In re the Construction of the Will of Rockwell

26 Misc. 2d 709 | N.Y. Sur. Ct. | 1960

Joseph A. Cox, S.

This is a proceeding brought by one of the executors named in the decedent’s will for construction of said will and for the appointment of trustees. The decedent by his will appointed his wife and the petitioning corporate executor as executors and trustees of his will and the trusts created therein but stated that if for any reason his wife failed to qualify or act, a third person named therein was to act as such executor and trustee in her place and stead.

Under article Third of the will the trustees “ acting jointly ” are given discretionary power to invade the trust principal for the benefit of the wife. It is the contention of the special guardian that by reason of section 141 of the Real Property Law the wife cannot exercise this discretion in favor of herself and that she, therefore, cannot qualify as a trustee. This contention cannot be sustained. Although section 141 of the Real Property Law disqualifies the widow with respect to invasions of the trust principal, she is not disqualified from acting as a trustee in all other respects. The language of this section is clear and with respect to this single discretionary power ‘ ‘ it may be executed by the trustee or trustees who are not so disqualified ”. The decedent’s widow is clearly prepared to qualify and act as trustee and section 141 of the Real Property Law places no disability upon her qualification except with respect to the distribution of principal to herself as aforesaid. The court, therefore, directs that letters of trusteeship issue to the decedent’s wife and the corporate fiduciary of the trust created by the decedent (Matter of Bender, 200 Misc. 768; Matter of Atkins, 193 Misc. 273; Matter of Lyons, 13 Misc 2d 287).

*711Under article Second of his will the testator devised and bequeathed ‘ any home of which I may die seized and the furnishings thereof * * * to my wife, Vivian Rockwell At the time of his death decedent owned and resided with his wife and children in a co-operative apartment at premises 125 East 74th Street, New York City. The ownership of the apartment is evidenced by the usual stock in the co-operative housing corporation and a proprietary lease. The other real property owned by the decedent on the date of his death consisted of some vacant land in Texas, Florida and California and a winter home owned jointly with his wife in Miami Beach, Florida, which was purchased by the testator in 1957 about a month after his will was executed. The home which decedent referred to in article Second of his will could only refer to the co-operative apartment owned by him at premises 125 East 74th Street, New York City, which he occupied with his wife and children since 1939 and which was purchased by him in 1953. This apartment was his home and the intent of the testator to give it to his wife is clear and unmistakable.
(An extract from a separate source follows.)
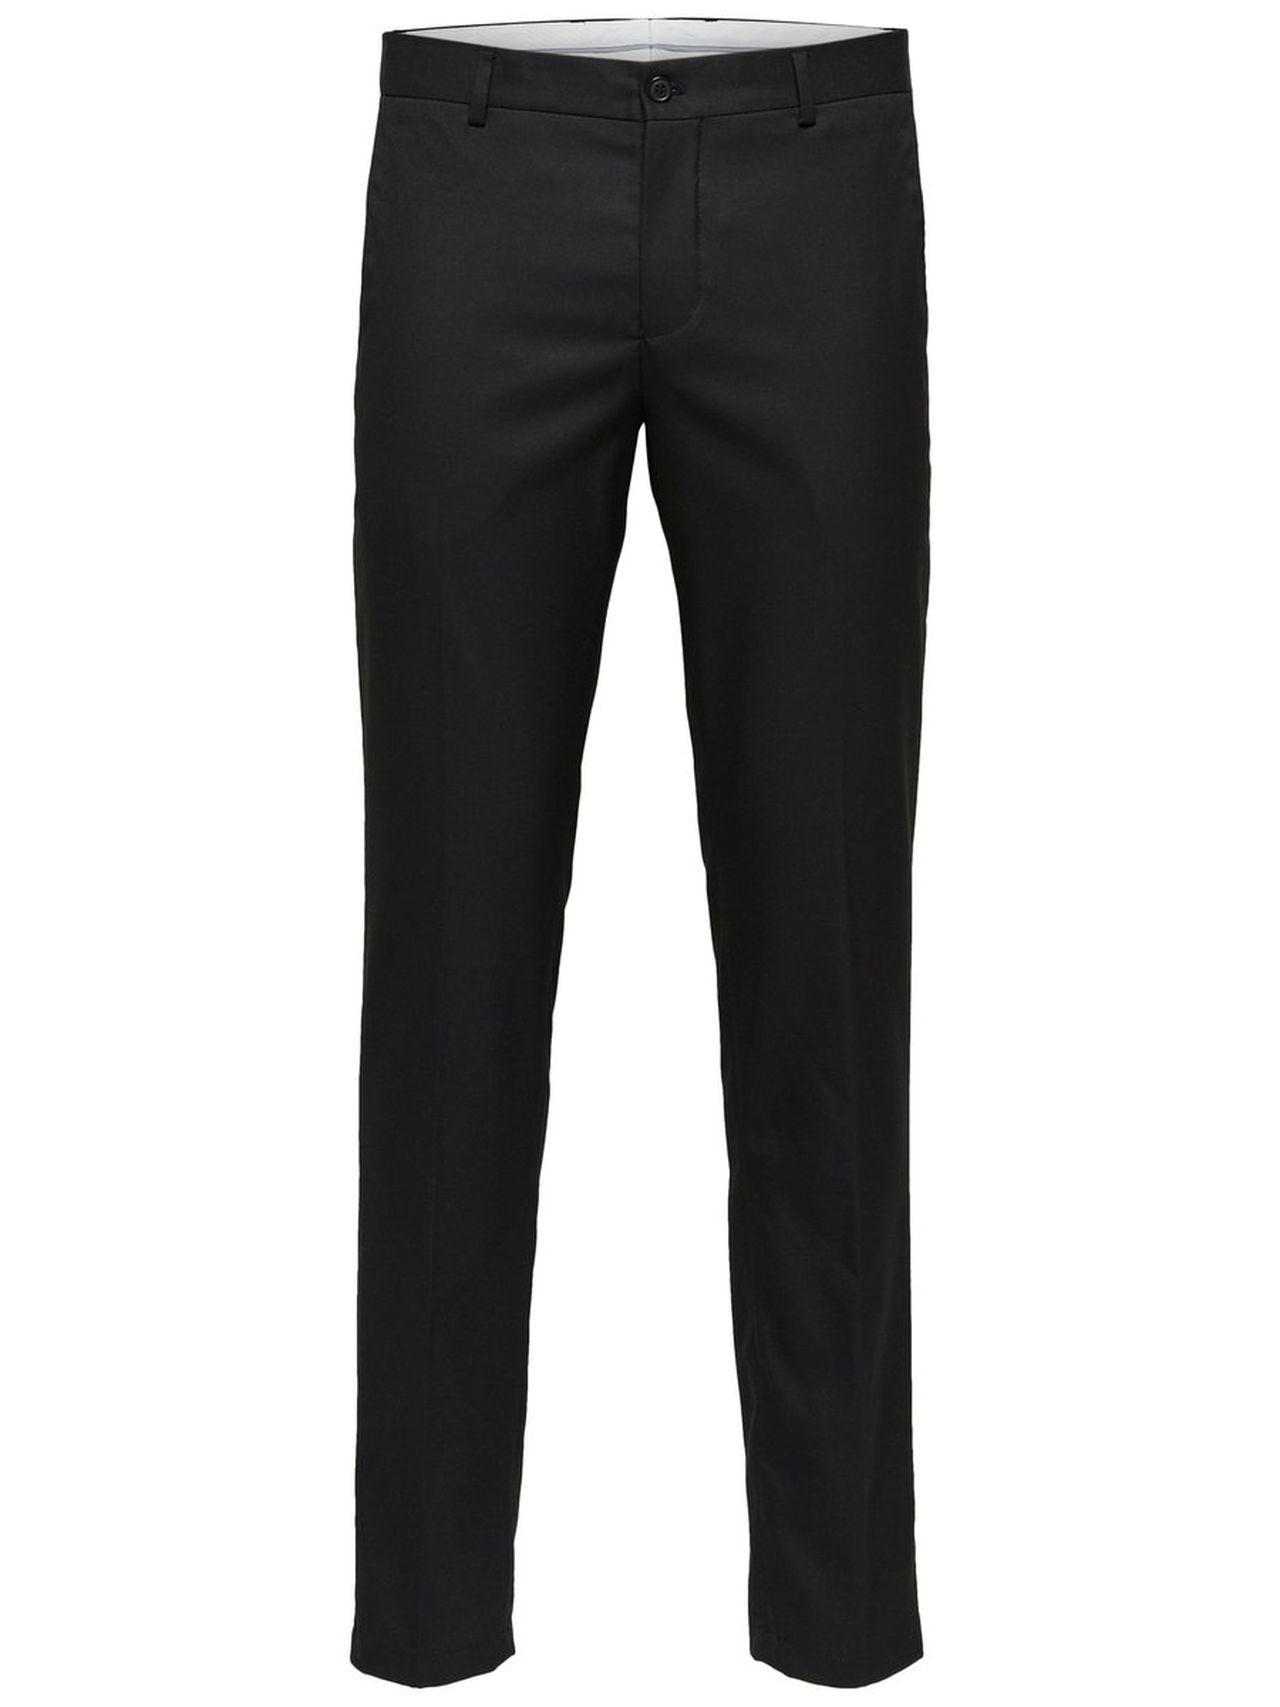 SELECTED Slim Fit – Trousers Man Svart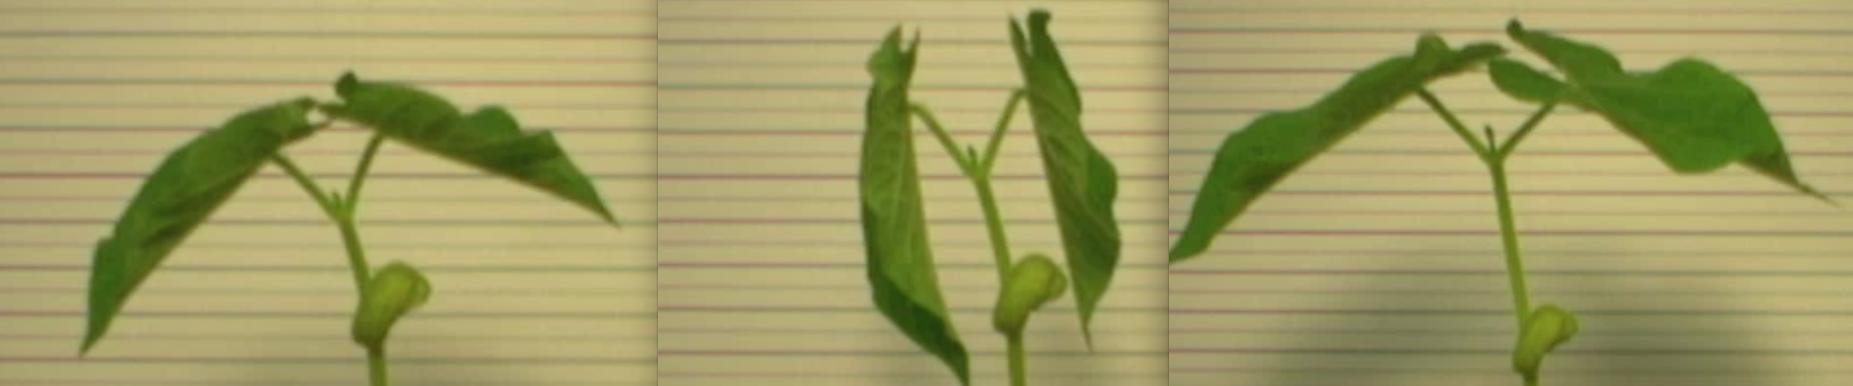 beans-oscillate

The request of the widow that this court set a criterion to be used to determine the extent to which principal should be invaded is denied. The will grants discretion to the trustee and the primary responsibility for determining the need for an invasion of principal and the extent thereof is the trustee’s. The action of the trustee will be subject to judicial review (Matter of Martin, 269 N. Y. 305, 313-314; Matter of Garrett, 9 A D 2d 545).

The position taken by the special guardian to the effect that the capital assets of the decedent’s wife must be taken into consideration before any invasion of principal shall be made is without foundation. The testator clearly states that if the income from the trust together with “ her ” (the wife’s) income from all other sources is not sufficient, then the trust principal may be invaded. The widow’s income from her capital assets must be considered but not the size and extent of her capital assets (Matter of Robichon, 105 N. Y. S. 2d 491; Matter of Clark, 280 N. Y. 155; Matter of Atkins, 193 Misc. 273; Matter of Paster, 22 Misc 2d 4).

There remains for disposition the question of whether the support, maintenance and education of the decedent’s infant children can be properly charged by the widow as part of her support and maintenance which would justify the inclusion of the cost of such support and maintenance in the computation necessary to arrive at the extent to which the principal of the *712trust may be invaded. The direction to invade the trust principal, if necessary for the support and maintenance of the wife, must be read as a direction to support and maintain the family unit and to do all things necessary to support the family comfortably. The failure of the testator to specifically provide for the support, maintenance and education of his infant children does not imply or indicate any intention to ignore or neglect them, but indicates instead his complete confidence that his wife would nurture and take care of the children. As stated in Pruyn v. Sears (96 Misc. 200, 212) “ I think the support of the family is clearly incidental to the care, support and maintenance of the beneficiary and that, therefore, it is the duty of the trustees to provide for the same.”

The court, therefore, finds that the cost of the support, maintenance and education of the infants is a proper item to be considered by the trustees in connection with the necessity for invasion of the principal of the trust created under article Third of the testator’s will. Submit decree on notice accordingly.